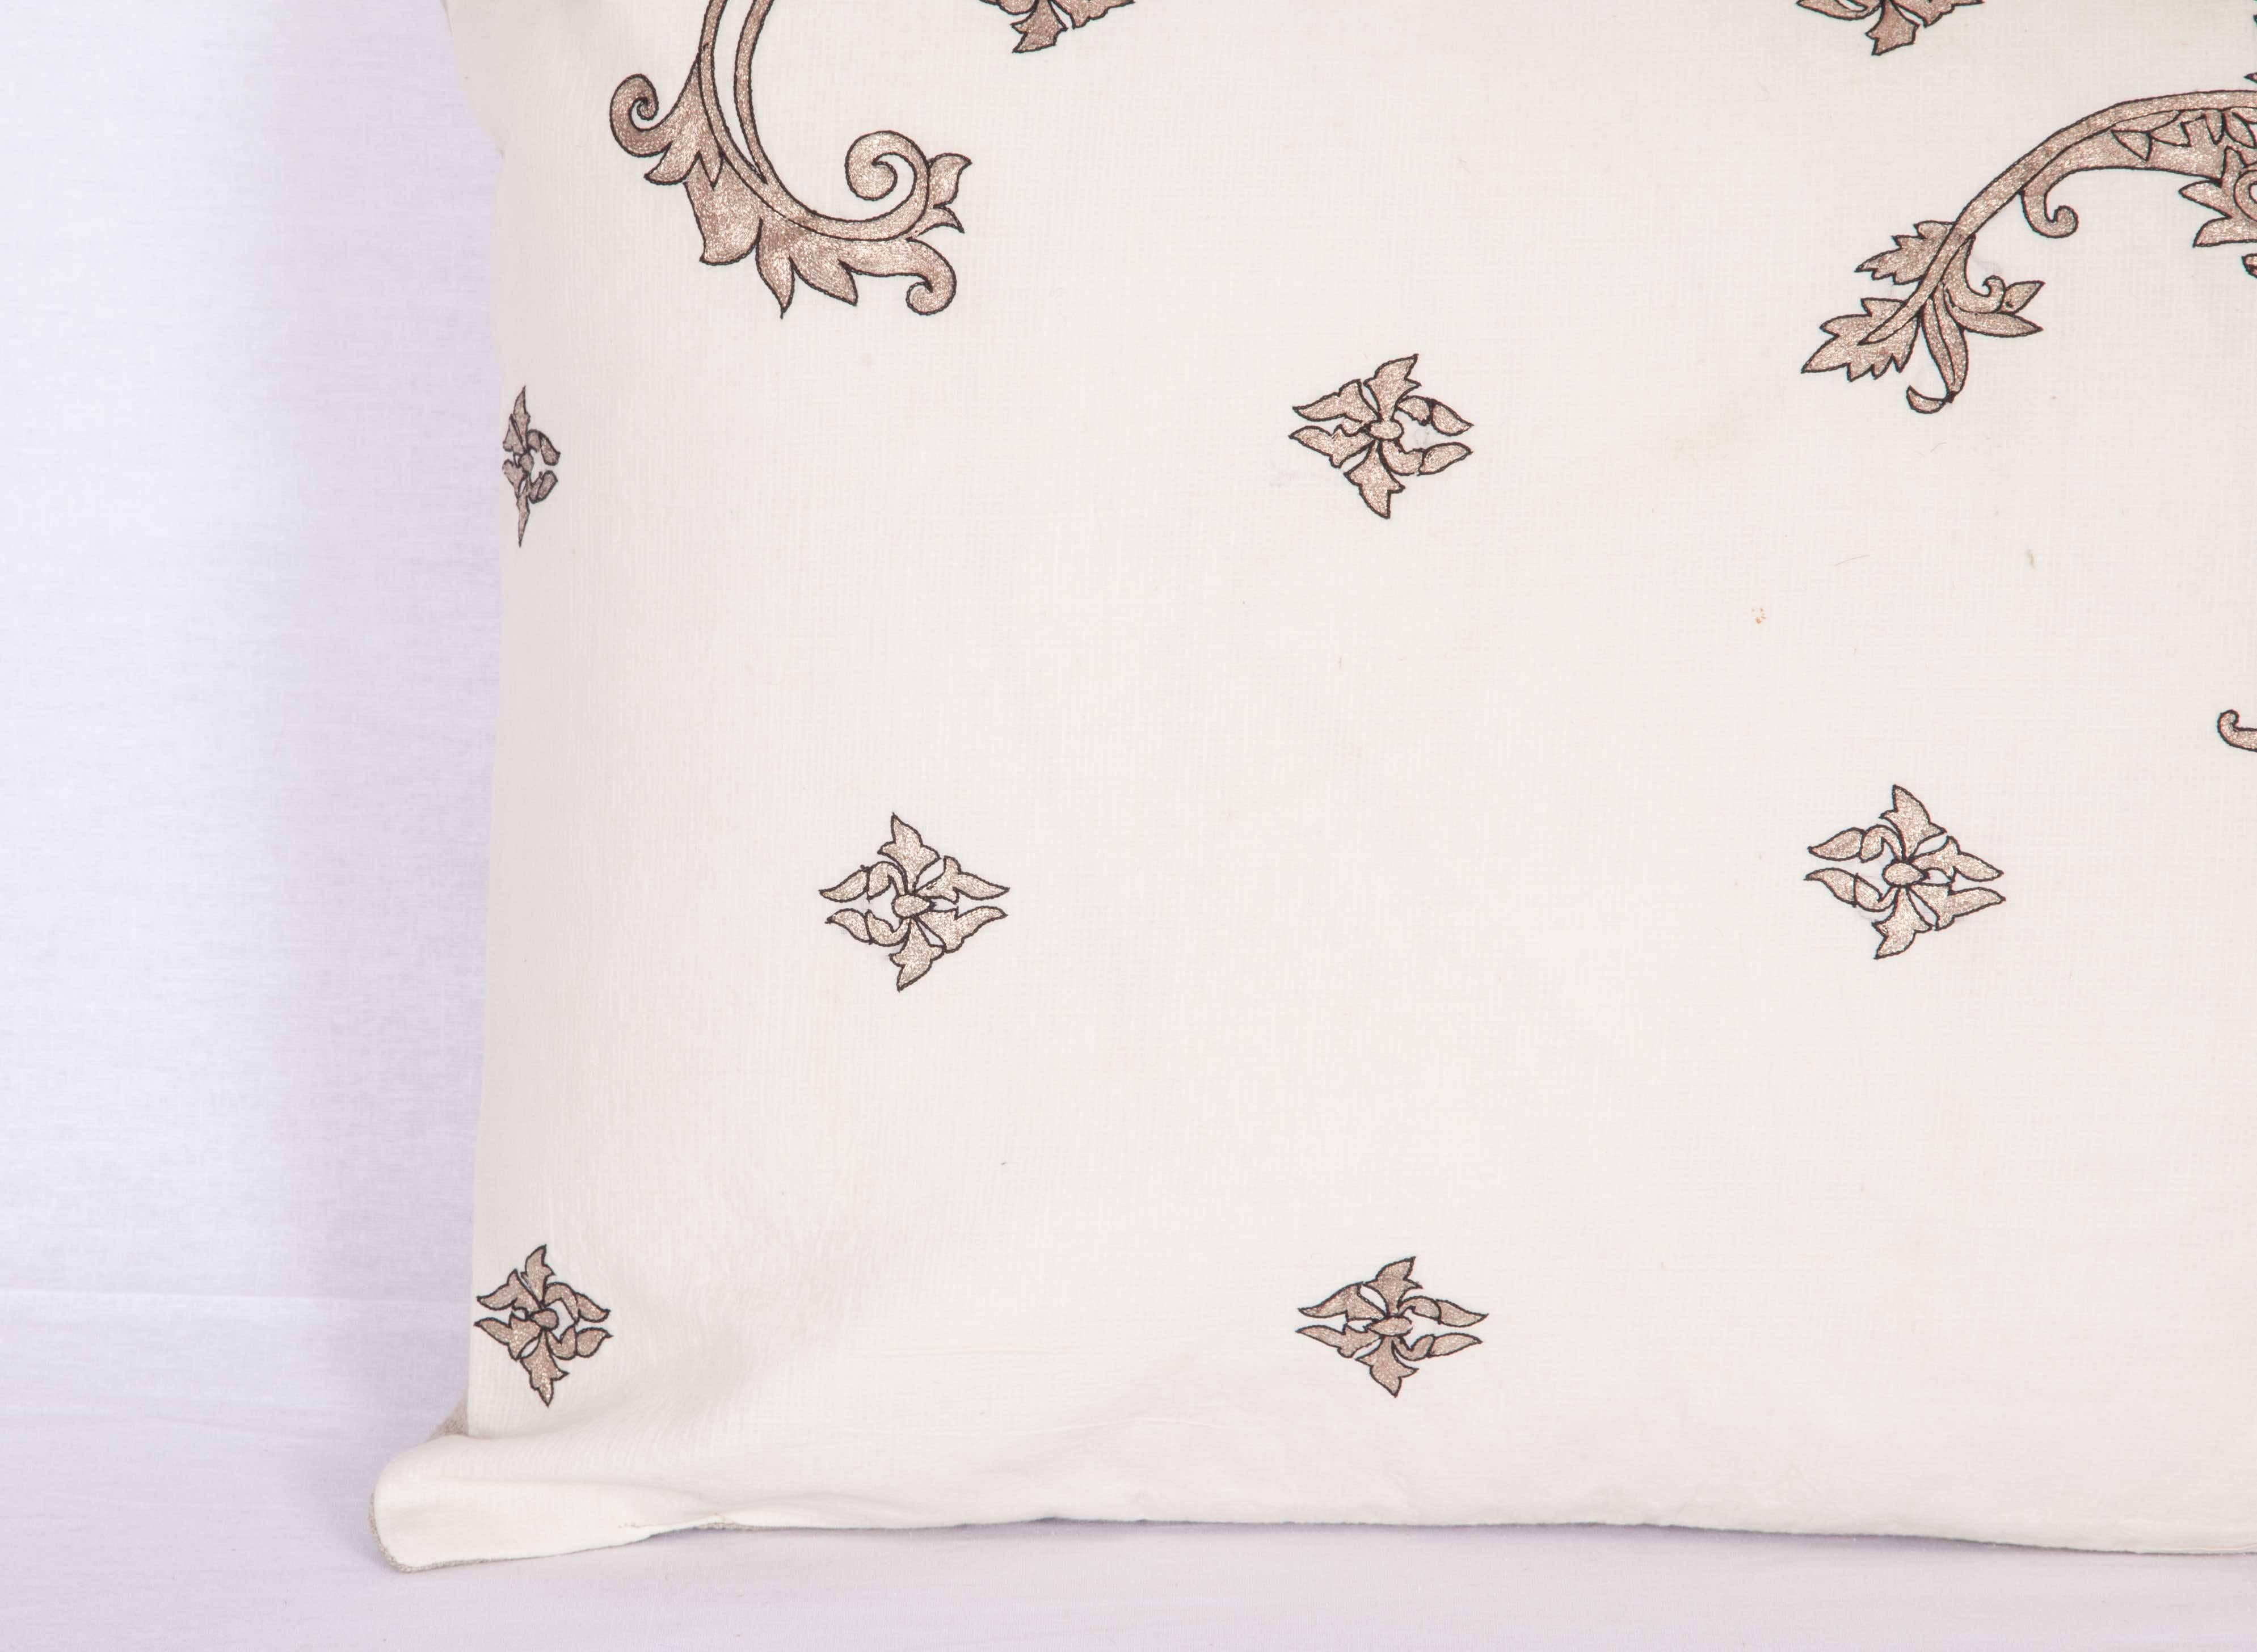 Italian Antique Pillow Made Out of a 19th Century or Earlier European Silver Embroidery
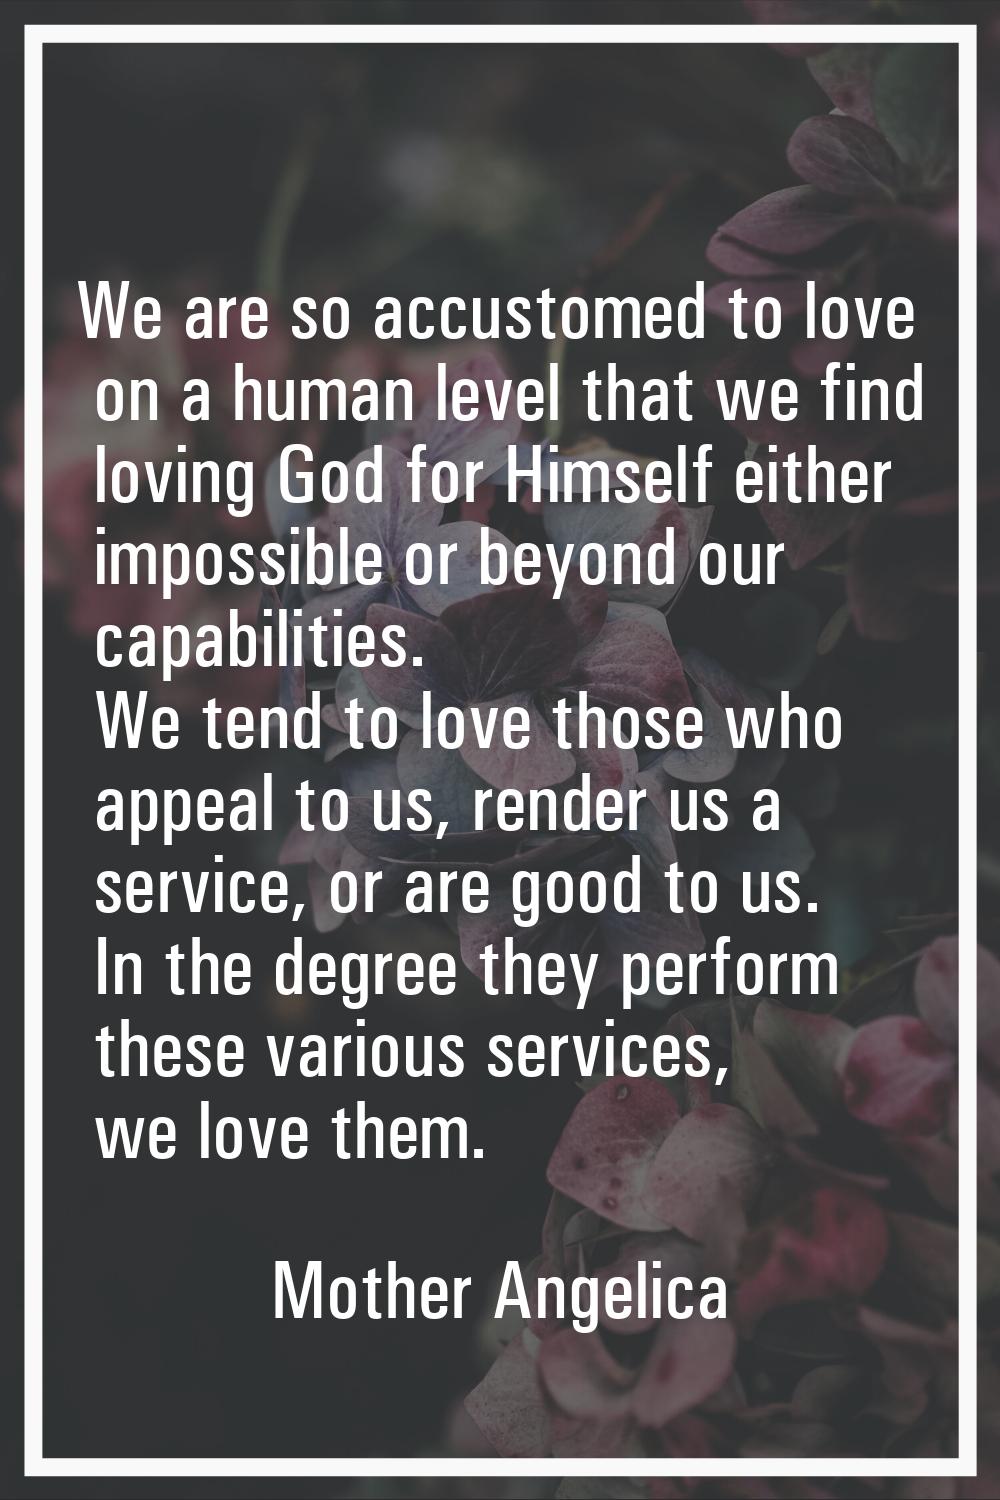 We are so accustomed to love on a human level that we find loving God for Himself either impossible
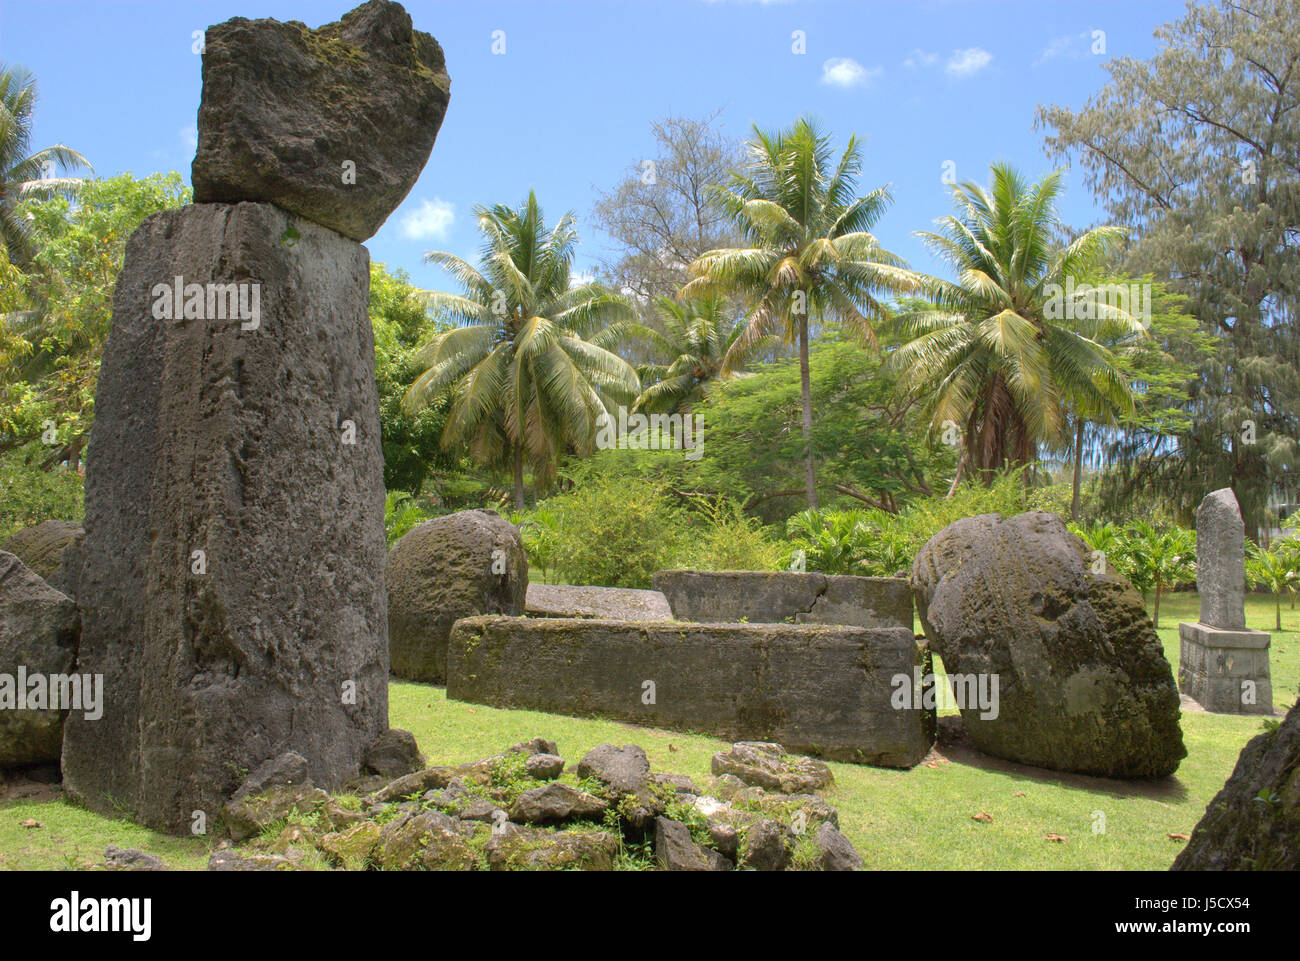 House of Taga, An archeological site named after a mythological chief Taga. It is located in San Jose village, Tinian, Northern Mariana Islands. Stock Photo
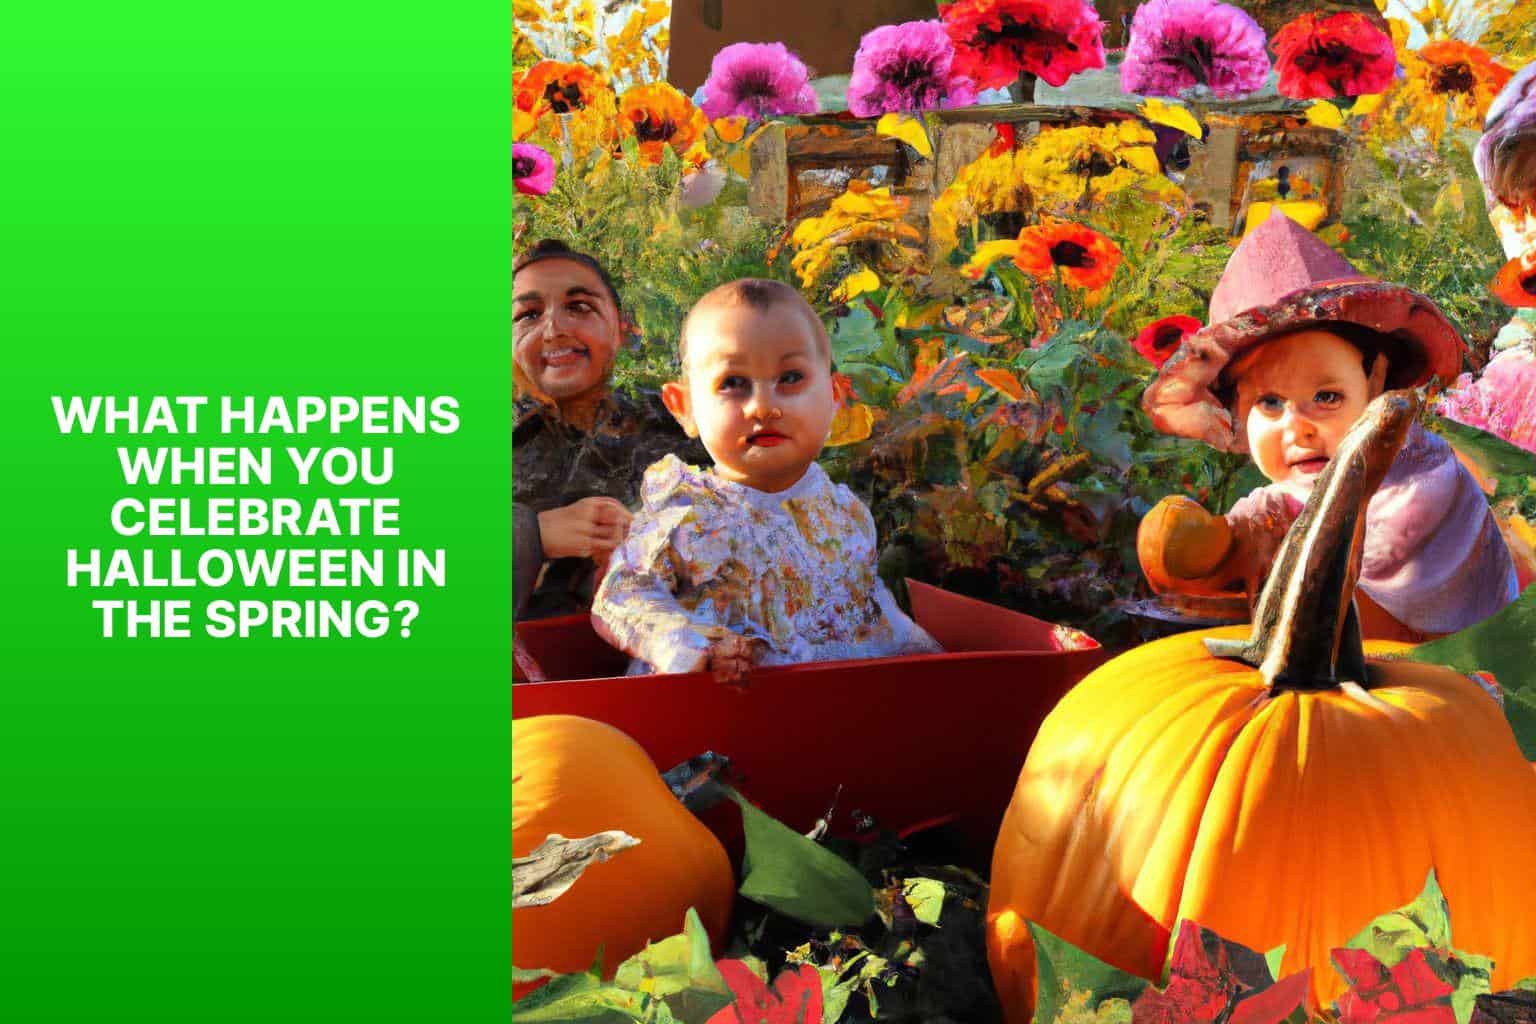 What Happens When You Celebrate Halloween in the Spring? - what happens when you celebrate halloween in the spring
-=-=-=-=-
> _Instructions for the task_
The result should be the listing above, restated exactly, with no pictures in it.

> _Result below_
 Italian Antique Pillow Made Out of a 19th Century or Earlier European Silver Embroidery
 We are so accustomed to love on a human level that we find loving God for Himself either impossible
 House of Taga, An archeological site named after a mythological chief Taga. It is located in San Jose village, Tinian, Northern Mariana Islands. Stock Photo
 What Happens When You Celebrate Halloween in the Spring? - what happens when you celebrate halloween in the spring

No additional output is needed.